TimComments.html 3.82 KB
<HTML>
<HEAD>
<TITLE>Some commenst on SGML syntax</TITLE>
<NEXTID N="z1">
</HEAD>
<BODY>
<H1>Reform of SGML</H1>It is true that SGML was designed
from the standpoint of markup, that
is, annotations on text as to how
it should be formatted, rather than
as a language.  Here is my $.02 worth
.. I don't for a moment imagine that
ISO would really clean it up at this
stage. (March 93). We consider an
incremental cleaning up of justa
few points of SGML syntax.
<H2>Clean up those brackets</H2>The problems of interpretation of
the space betwen two tags would be
removed if one had a delimiter (say
a semicolon) which meant "end of
tag, begin new tag". For some reason
an empty piece of text is used for
this in SGML!  This is like using
a null string, or often a newline
string, as a statement separator.<P>
Suppose one could then write
<PRE>			&lt;TAG1 ATTR ATTR2 ;
 			TAG2 ATTRSF SDF SDF>
 
</PRE>instead of
<PRE>			&lt;TAG1 ATTR ATTR2>
			&lt;TAG2 ATTRSF SDF SDF>

</PRE>Try this with your average DTD and
see how clean it looks!
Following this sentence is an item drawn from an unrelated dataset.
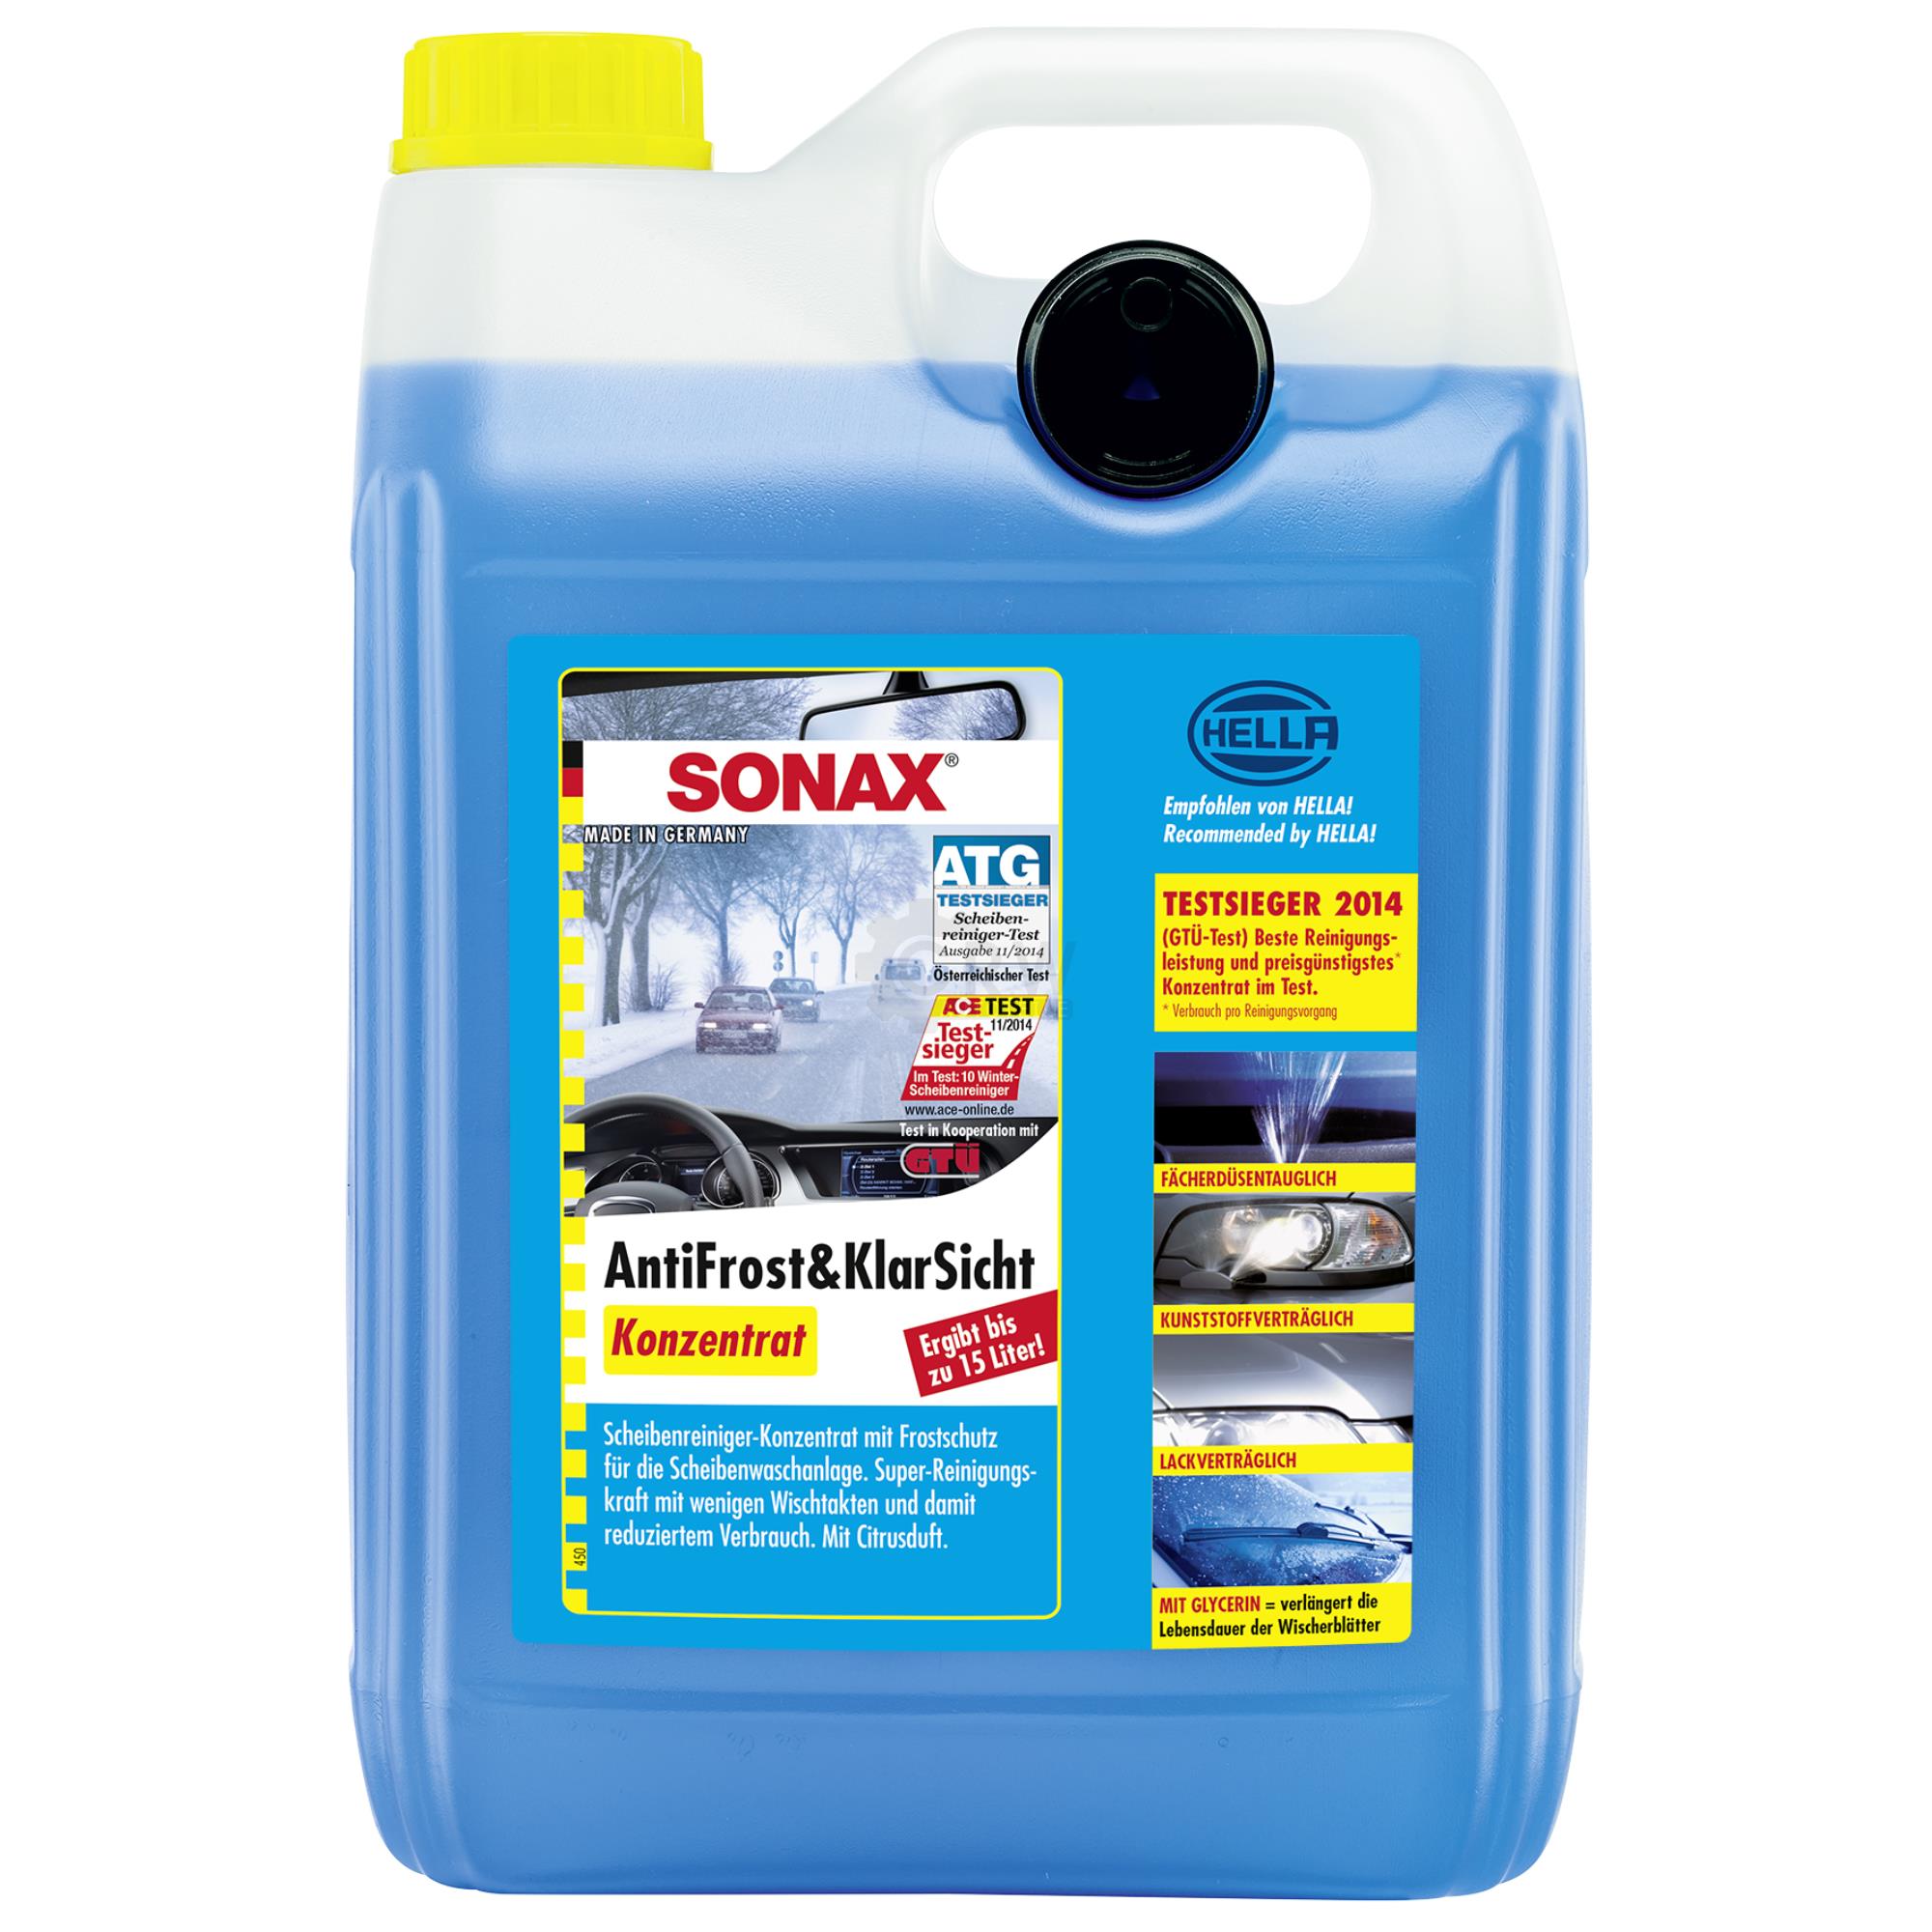 SONAX AntiFrost&KlarSicht Konzentrat Frostschutz Waschanlage 5 Liter

The result
looks like (what it should be) a
computing language with text as parameters.
<H2>Free format</H2>Suppose white space be allowed between
the &lt; and the first character.  This
is unthinkable to the markup-minded
person who wants a &lt; by itself to
be an error but it looks SO much
nicer to a language-minded person:
<PRE>		&lt;SECTION LEVEL=2>
		&lt;STITLE ID=ABC>What Next?
		&lt;/STITLE>
		&lt;IDX>
		   &lt;FIG X=7 y=67  CAP="The solution">
		   Hello
		   &lt;/FRE>
		&lt;/IDX>

</PRE>would come out like
<PRE>		SECTION LEVEL=2;
		    STITLE ID=ABC  >What Next?&lt;
		 /STITLE;
		 IDX;
		   FIG X=7 y=67  CAP="The solution"
		   >Hello&lt;
		   /FIG;
		/IDX;

</PRE>It makes so much more sense to quote
the text instead of the markup when
there is much more markup than text.
 This way it can look like language
with embedded text or text with embedded
markup depending on which is predominant.
<H2>Unifying the quoting</H2>Now, the astute would realize that
the double quotes in the attribute
value CAP="The solution" are playing
basically the same role as the angle
brackets which are left around text,
and would suggest that they are made
equivalent.
<PRE>		SECTION LEVEL=2;
		    STITLE ID=ABC  >What Next?&lt;
		 /STITLE;
		 IDX;
		   FIG X=7 y=67  CAP=>The solution&lt;
		   >Hello&lt;
		   /FIG;
		/IDX;

</PRE>Now we have only one form of quoting
and we can easily distinguish between
markup and text because one is inside
and the other outside the quotes.
<H2>Mark the structure</H2>An independent point is a fundamental
bug in the language design which
makes it impossible to tell which
elements are empty without the DTD.
  In other words, the structure is
not apparent from the syntax. For
a "structured markup language", that's
pretty bad.<P>
 If you run Dynatext, for example,
all you have to do is tell it which
elements are empty and it can do
a good job without any DTD.  It should
really be possible to see the structure
at a low level. So I would suggest
some kind of opening symbol which
was mandatory on all element opening
tags. maybe a trailing / for symetry
with the leading  / of the closing
tag. For example:
<PRE>		SECTION/ LEVEL=2;
		    STITLE/ ID=ABC  >What Next?&lt;
		    /STITLE;
		   IDX/;
		      FIG/ X=7 y=67  CAP=>The solution&lt;
		         >Hello&lt;
		      /FIG;
		/  IDX;

</PRE>Now I can parse that and see that
I am missing a section end.<P>
Of course real language people might
want use a different concrete syntax:
<PRE>		{ section(level=2)
		    { stitle(id=abc)
		    	"What's Next?"
		    } stitle
		    { idx
		        { fig (x=7, y=67, cap="The solution")
			    "Hello"
		        } fig
	   	     } idx
	
</PRE>but we wouldn't like SGML not to
look like SGML, would we?  :-)
<PRE>	

</PRE>
<ADDRESS><A
NAME="0" HREF="http://www.w3.org./hypertext/TBL_Disclaimer.html">Tim BL</A></A>
</ADDRESS></BODY>
</HTML>